EXERCISE AIM> With the pictures left out, retype exactly the lines below starting at the line that contains "changin Stock Photo" and ending at the line that contains "Clear Narrow Acetate".

INPUT RECORDS>
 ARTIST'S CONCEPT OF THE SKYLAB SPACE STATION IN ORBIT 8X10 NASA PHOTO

==

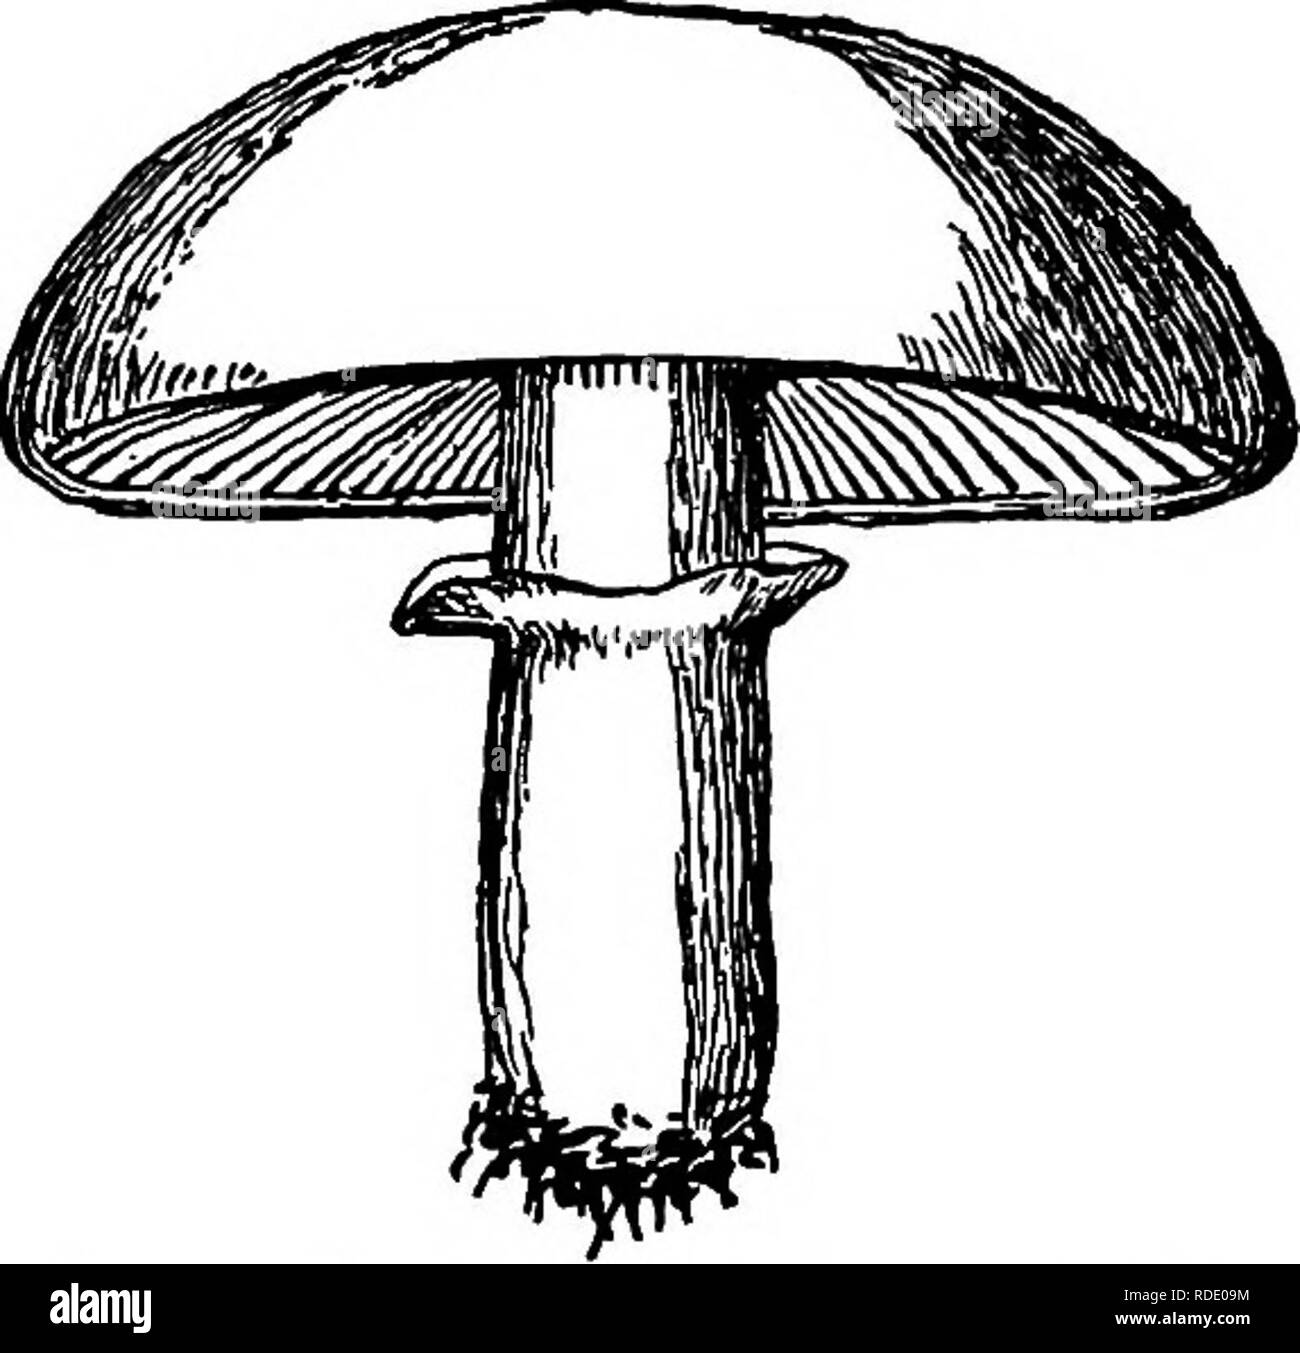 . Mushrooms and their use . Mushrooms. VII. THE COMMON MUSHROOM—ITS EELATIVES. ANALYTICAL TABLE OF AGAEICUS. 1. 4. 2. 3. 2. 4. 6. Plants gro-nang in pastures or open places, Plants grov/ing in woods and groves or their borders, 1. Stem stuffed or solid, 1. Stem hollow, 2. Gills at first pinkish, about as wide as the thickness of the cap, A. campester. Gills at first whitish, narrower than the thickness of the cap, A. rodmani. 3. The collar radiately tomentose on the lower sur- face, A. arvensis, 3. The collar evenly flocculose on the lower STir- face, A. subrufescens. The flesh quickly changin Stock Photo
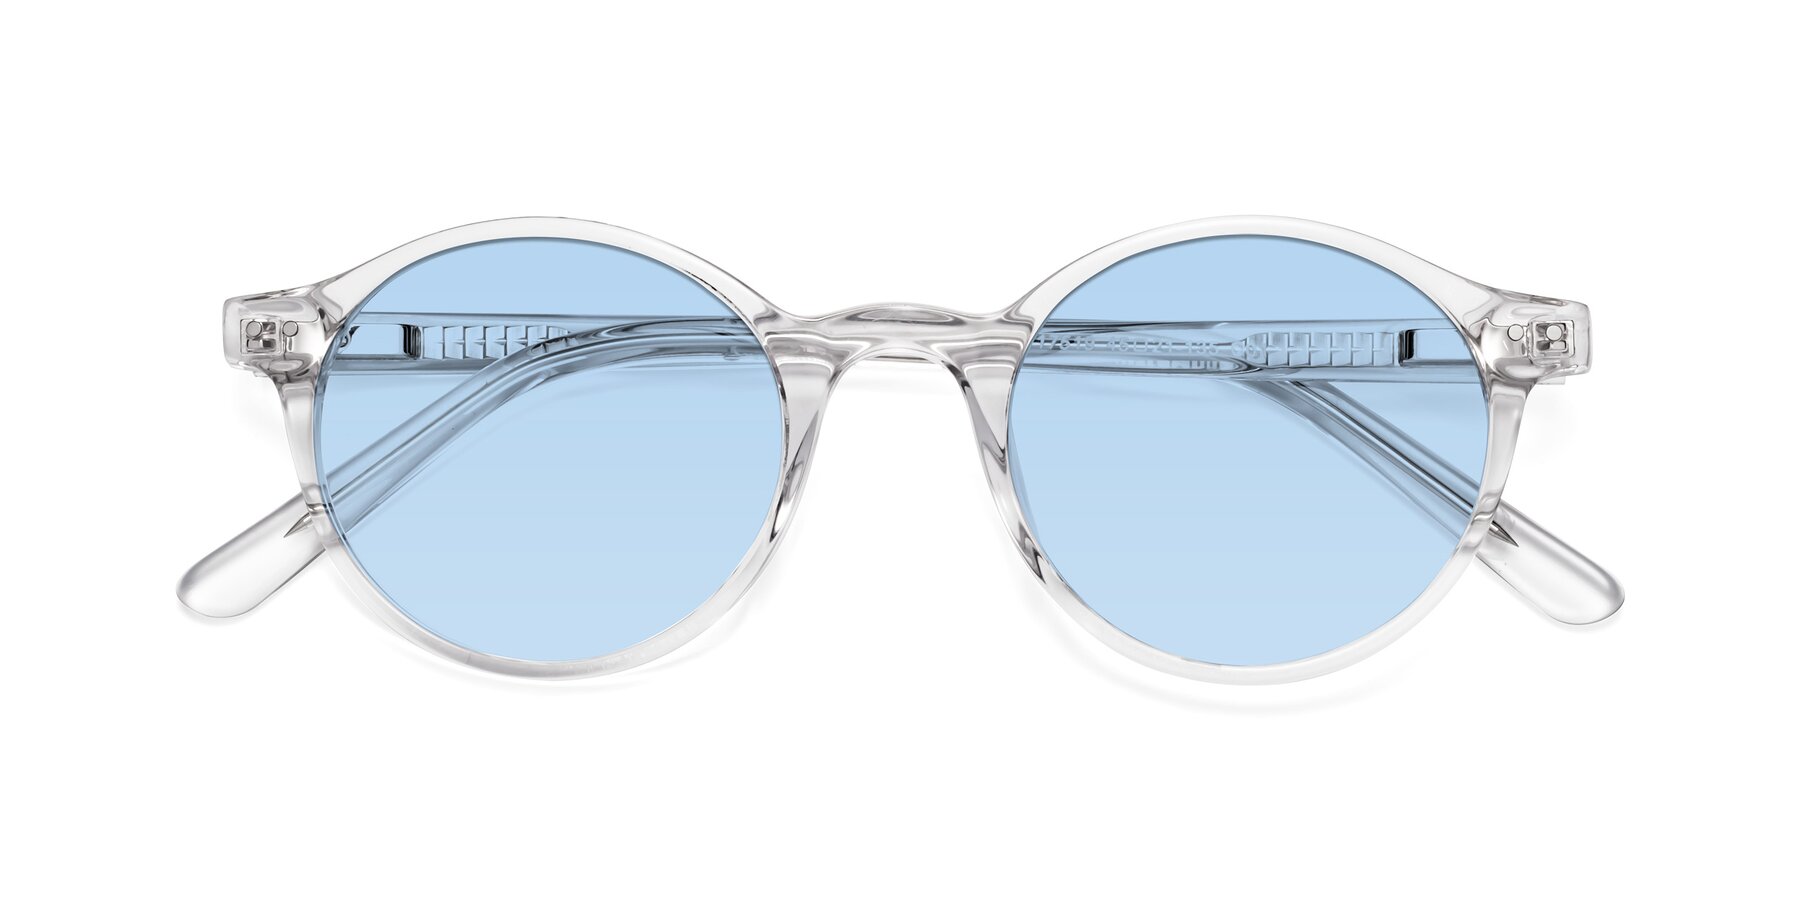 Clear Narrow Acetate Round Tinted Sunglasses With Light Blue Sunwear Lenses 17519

ANSWER TO THE PROBLEM>
 . Mushrooms and their use . Mushrooms. VII. THE COMMON MUSHROOM—ITS EELATIVES. ANALYTICAL TABLE OF AGAEICUS. 1. 4. 2. 3. 2. 4. 6. Plants gro-nang in pastures or open places, Plants grov/ing in woods and groves or their borders, 1. Stem stuffed or solid, 1. Stem hollow, 2. Gills at first pinkish, about as wide as the thickness of the cap, A. campester. Gills at first whitish, narrower than the thickness of the cap, A. rodmani. 3. The collar radiately tomentose on the lower sur- face, A. arvensis, 3. The collar evenly flocculose on the lower STir- face, A. subrufescens. The flesh quickly changin Stock Photo
 Clear Narrow Acetate Round Tinted Sunglasses With Light Blue Sunwear Lenses 17519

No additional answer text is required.